They are organised, disciplined, careful and work hard to achieve career success.
They are however risk averse and if not well informed may find it daunting to invest. Similar to the “routine” trait, taking the time to understand their own risk tolerance and finding the most suitable investment strategy would set them up to reach their well planned life goals.
Those who are less conscientious and organised could get on top of their finances by determining their goals and automating their cashflows to achieve them.
Extroverts and Introverts
Extroverts live for the moment and thrive on instant gratification. They have a very social lifestyle which means they have a tendency to save less and spend more.
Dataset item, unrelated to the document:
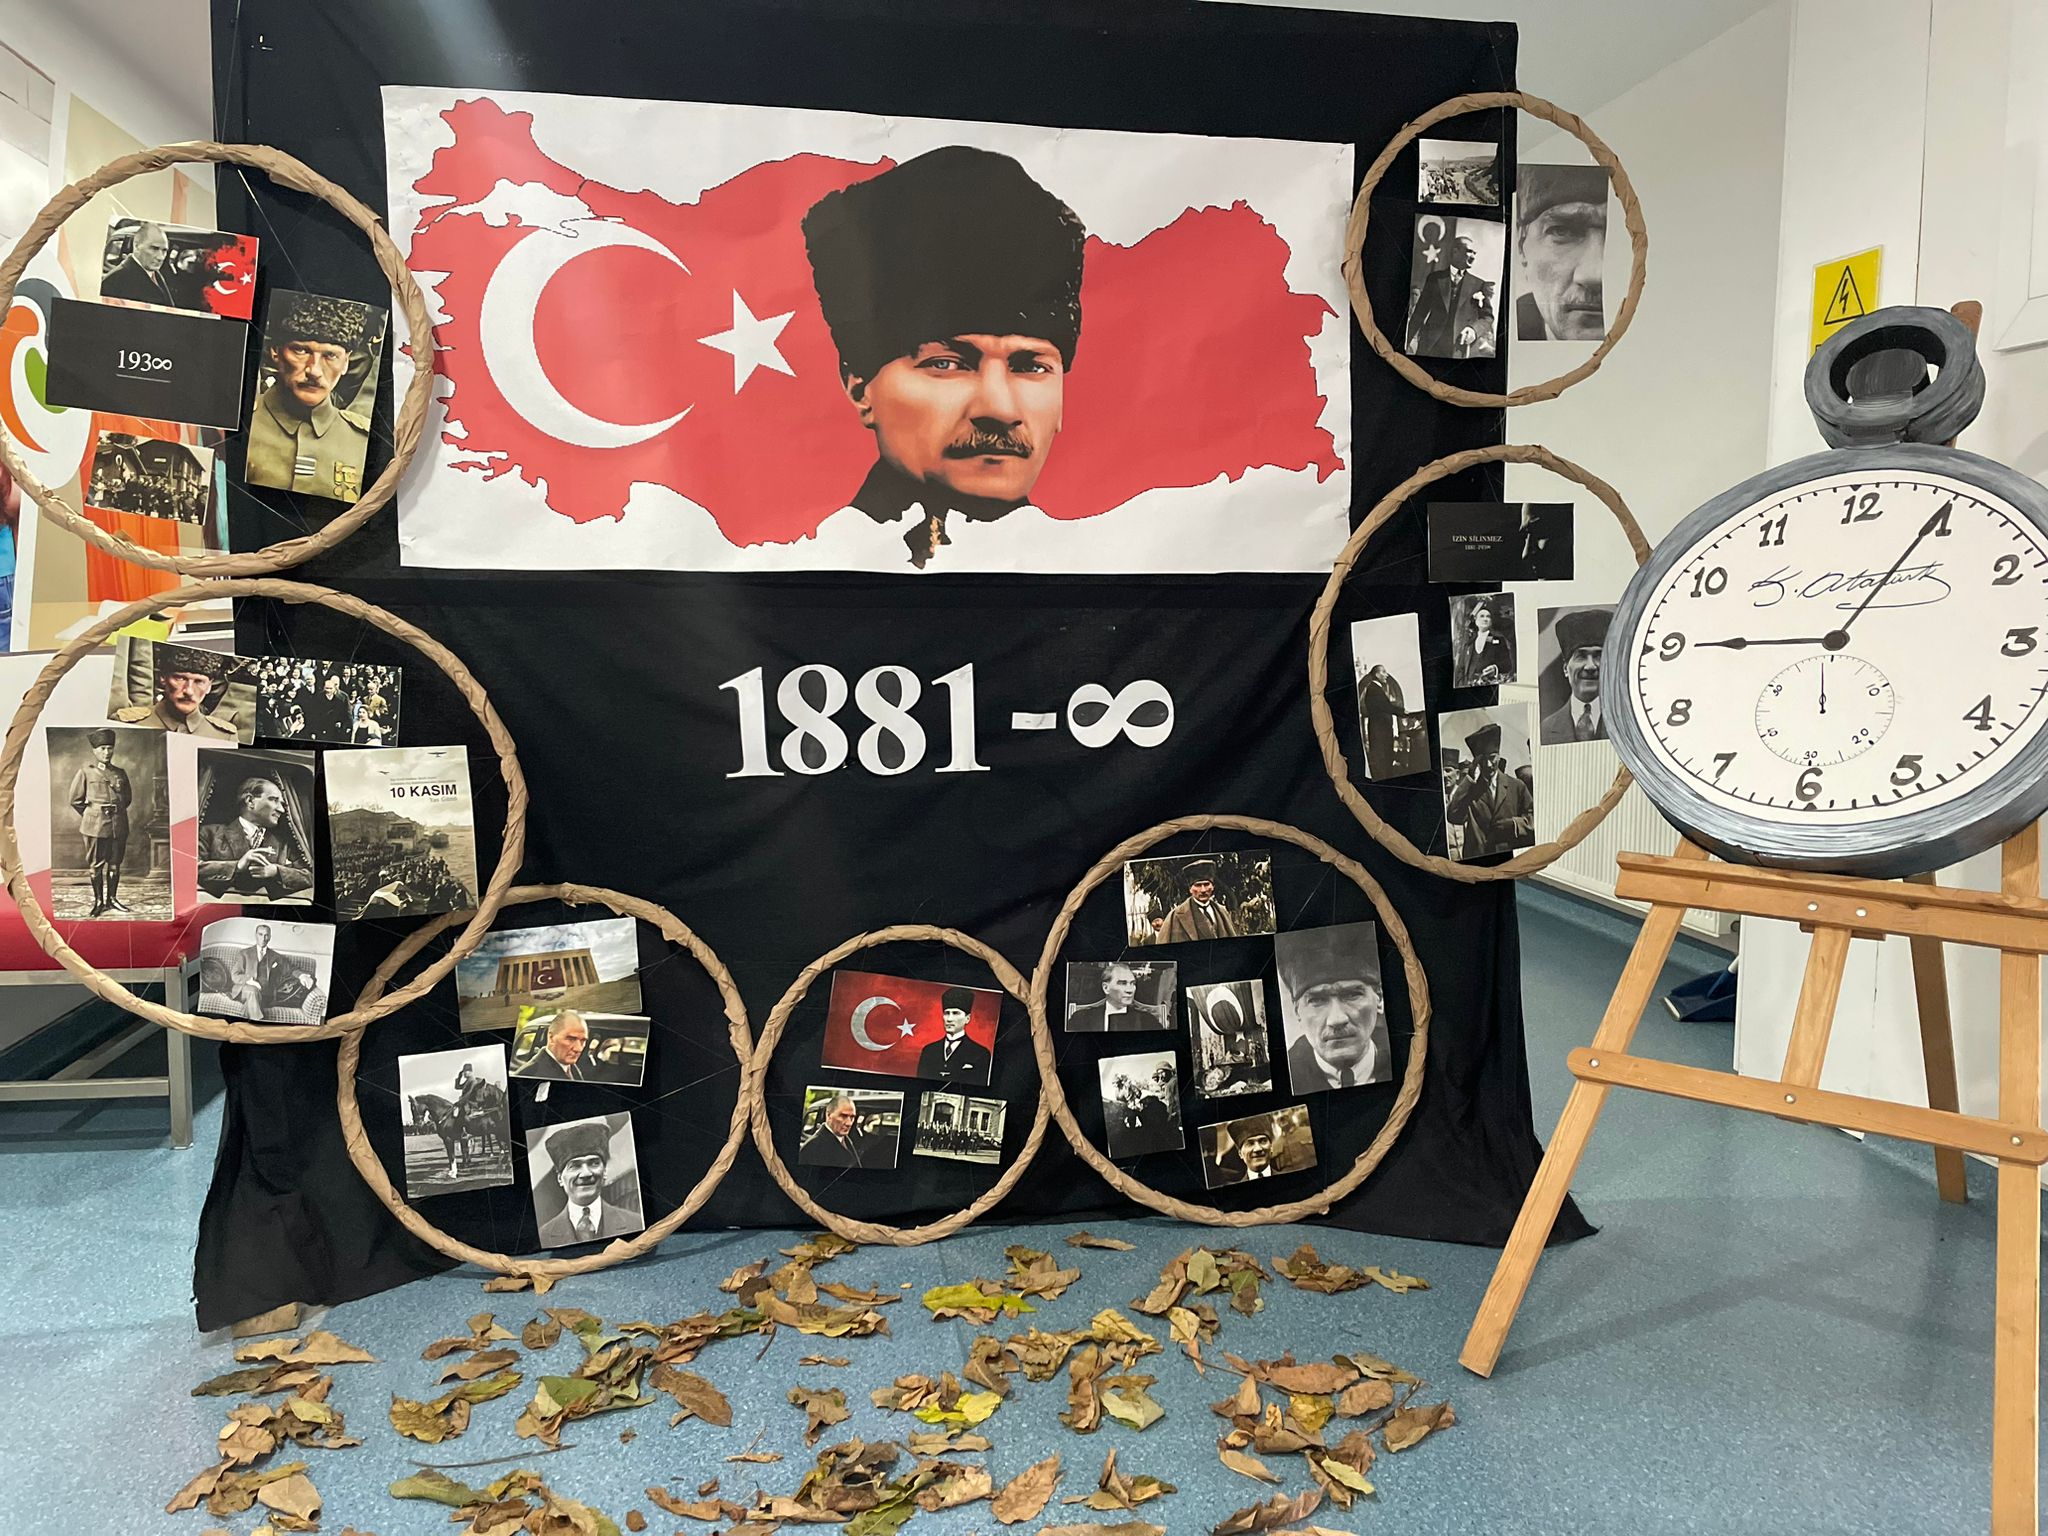 Ulu Önderimiz Mustafa Kemal ATATÜRK'ü saygı, sevgi ve özlemle anıyoruz...

However the extroverts charismatic personalities attract powerful networks and opportunities which the risk taking extrovert is quick to seize. They are confident and don’t hesitate to take action and as a result attract abundance easily.
They are entrepreneurial and innovative go getters.
The introverts, are more contemplative and less impulsive. They are comfortable with delaying rewards and feel more confident once they have taken the time to think through their actions. They are good investors as a result of their ability to think deeply and commit confidently when they have made a decision.
Agreeableness is a tendency to be co-operative and easygoing. Those with this trait may be driven to spend more in company than they intend as they try to please everyone. The “agreeable” could mitigate this by learning non offensive ways to set boundaries.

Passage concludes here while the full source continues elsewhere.